Dans son compte rendu aux hommes de médias ce mercredi lors d’une rencontre d’échange, le président de la Haute Autorité de la Communication (HAC) a exprimé à la Radiodiffusion Télévision Guinéenne (RTG) les inquiétudes formulées par certains partis politiques et mouvements concernant l’accès équitable à la télévision nationale pendant la campagne référendaire.
Face à ces préoccupations, la directrice générale de la RTG a reconnu les difficultés de son média à assurer une couverture exhaustive de toutes les activités politiques sur le terrain. « Nous ne disposons pas de plus de sept caméras pour la couverture sur le terrain », a expliqué Makèmè Bamba soulignant ainsi les limites logistiques de la maison.
Cependant, elle a tenu à rassurer les acteurs politiques sur la volonté de la RTG de respecter scrupuleusement les dispositions réglementaires que la HAC mettra en place.
« Les dispositions réglementaires que la HAC va mettre sur pied, nous allons marcher en fonction de ces dispositions. Nous aurons la liste de ceux qui ont le droit d’être sur le terrain pour faire la campagne, ainsi que leur temps d’antenne. Vous savez que la RTG n’a pas suffisamment de moyens pour couvrir tout le monde en même temps. Mais la HAC promet de faire un programme qui évite les chevauchements, afin de faciliter notre travail ».

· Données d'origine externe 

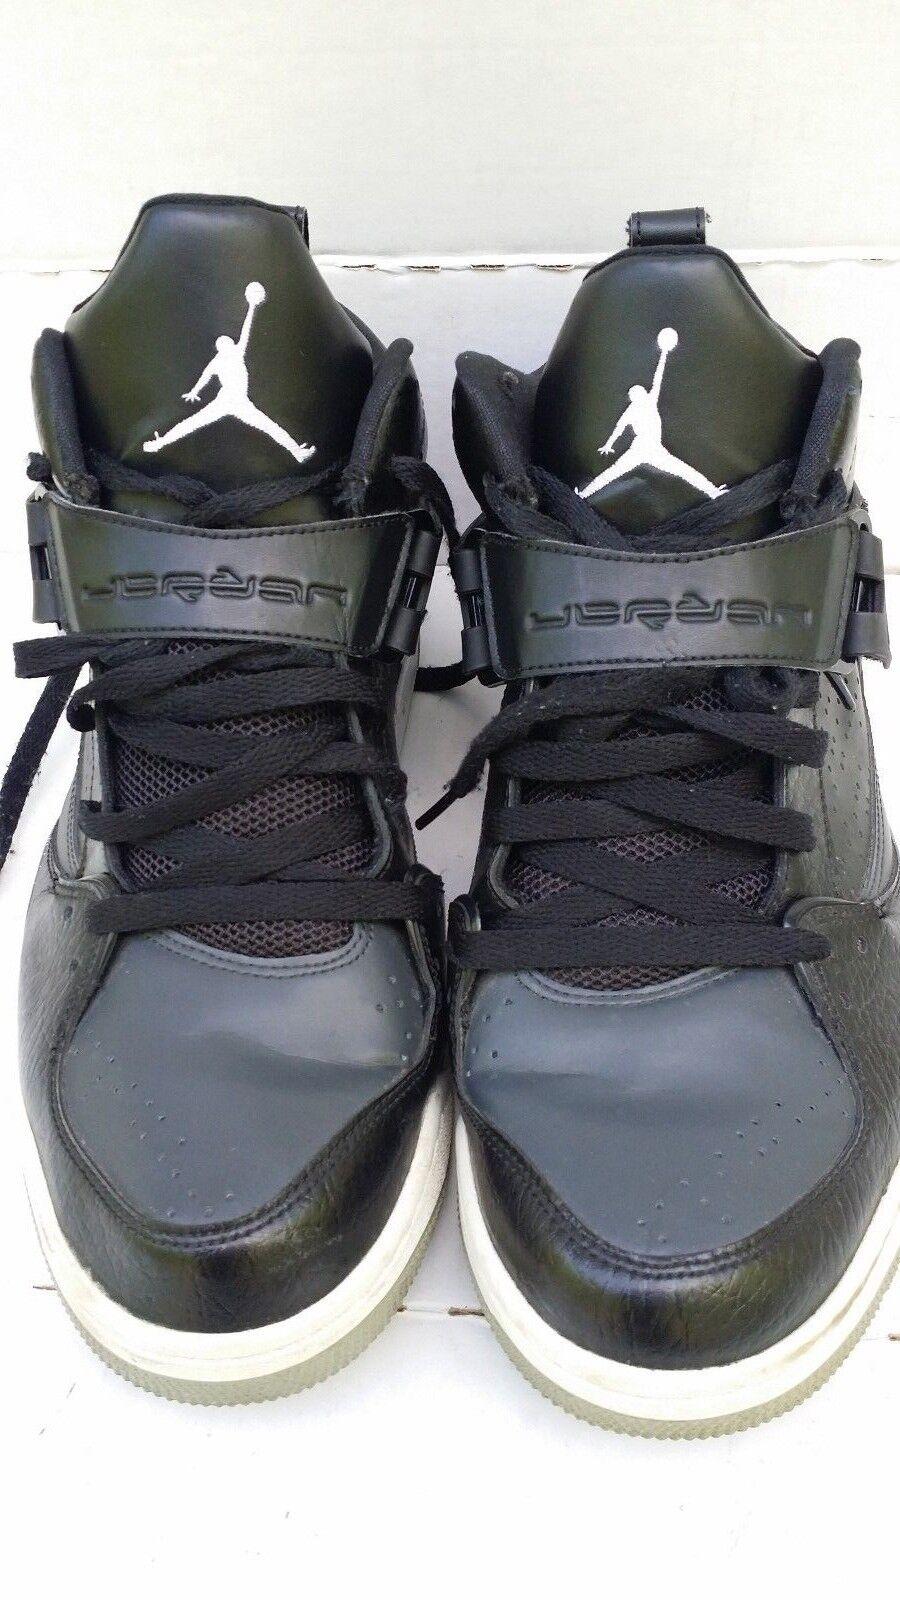 jordan volo scarpe da basket 644846-005 grigio grigio 644846-005 nero taglia 12 9545f5

La responsable a donné un exemple concret : si trois partis politiques tiennent simultanément des meetings dans la même ville, la HAC veillera à ce qu’ils ne se retrouvent pas au même moment et au même endroit. Cette organisation permettra à la RTG d’assurer une couverture équilibrée et ordonnée de l’ensemble des acteurs. Pour les enregistrements sur place, la RTG est, selon la directrice, prête à y procéder « sans problème ».
Enfin, la directrice a pris l’engagement ferme de respecter à la lettre les temps d’antenne qui seront accordés à chaque parti politique :
« Si la HAC dit cinq minutes par parti politique, nous n’allons même pas couper une seconde. La RTG s’engage à diffuser les cinq minutes intégrales attribuées », a-t-elle conclu.